[Requirement] All of the data that follows should be retyped exactly, please, except the pictures.

[Recorded information]
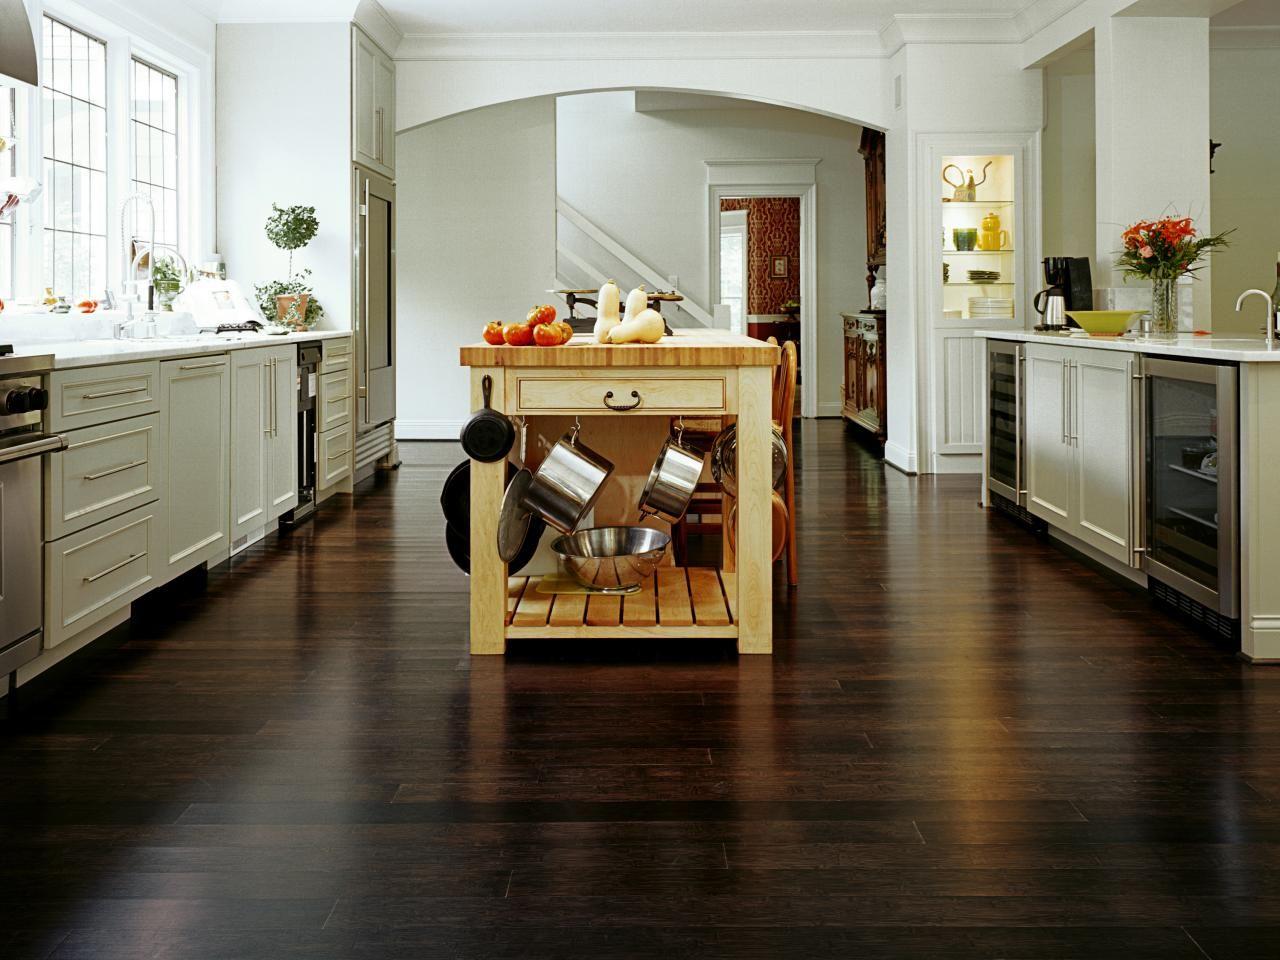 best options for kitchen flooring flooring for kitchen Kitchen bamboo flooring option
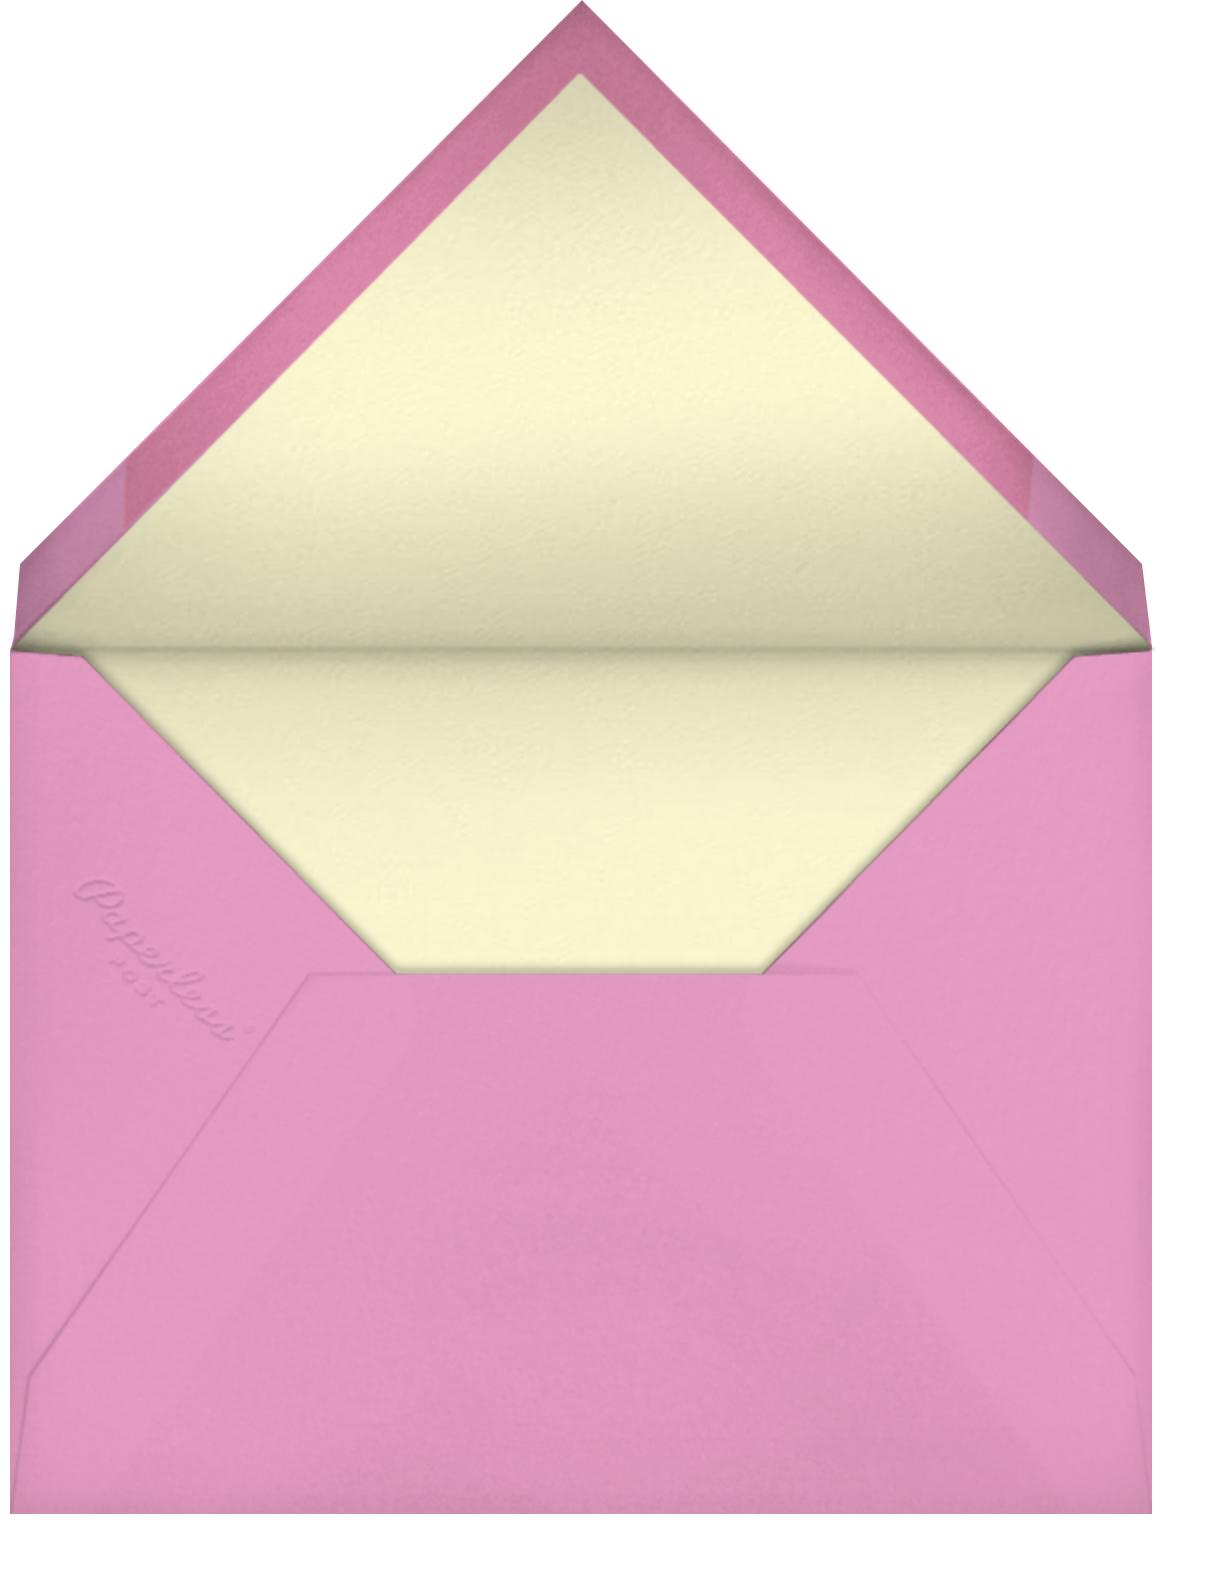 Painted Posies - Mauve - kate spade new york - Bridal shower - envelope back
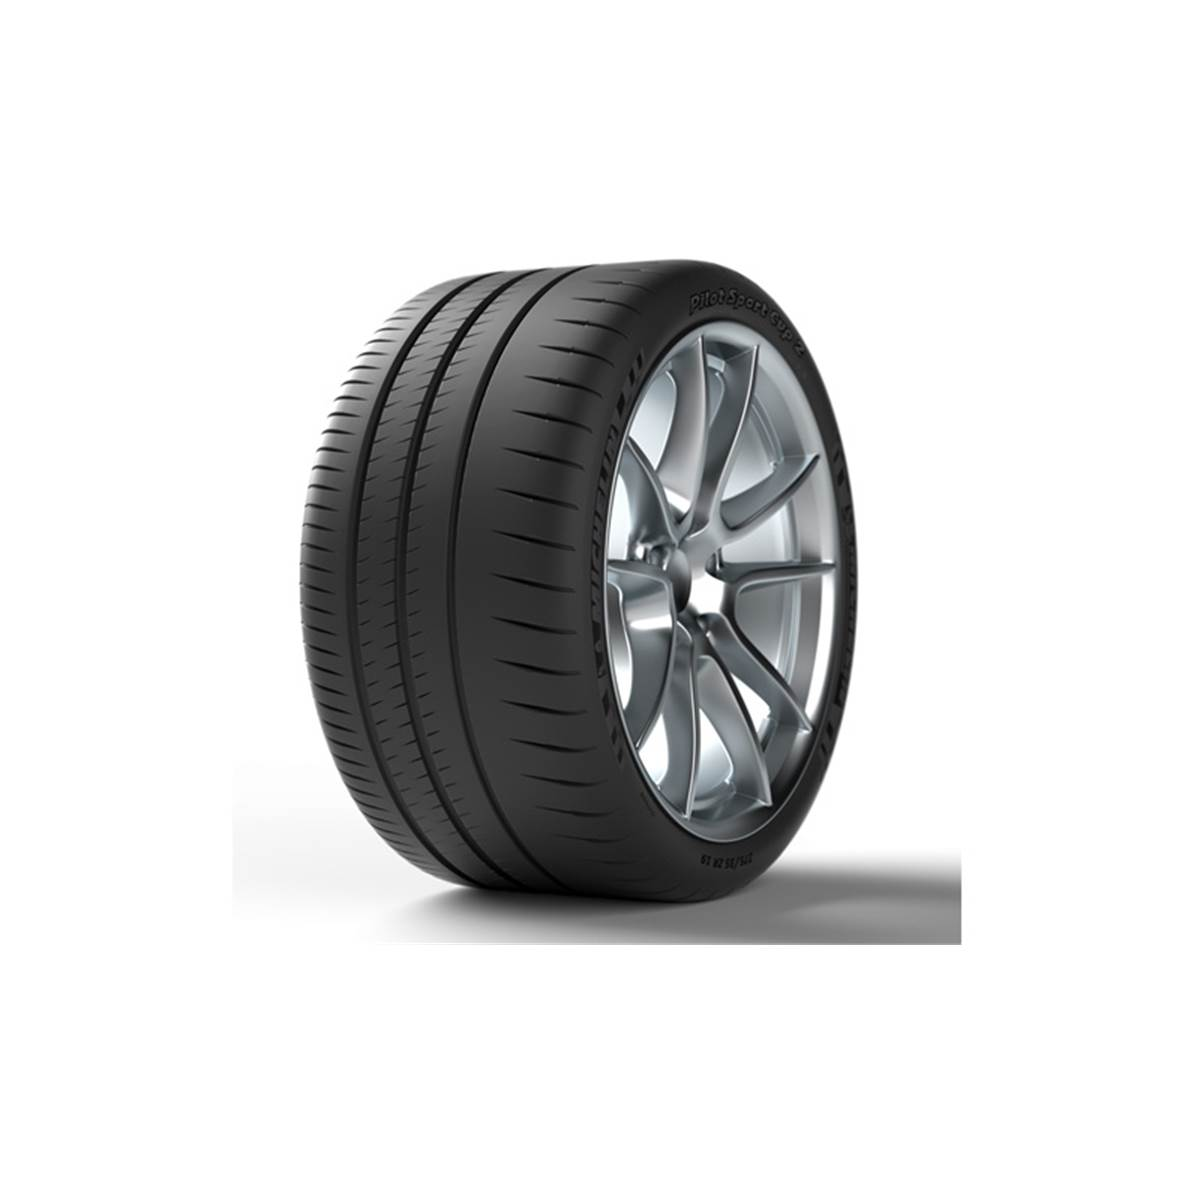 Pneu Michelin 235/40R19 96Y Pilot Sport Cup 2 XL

[Exercise response]
 best options for kitchen flooring flooring for kitchen Kitchen bamboo flooring option
 Painted Posies - Mauve - kate spade new york - Bridal shower - envelope back
 Pneu Michelin 235/40R19 96Y Pilot Sport Cup 2 XL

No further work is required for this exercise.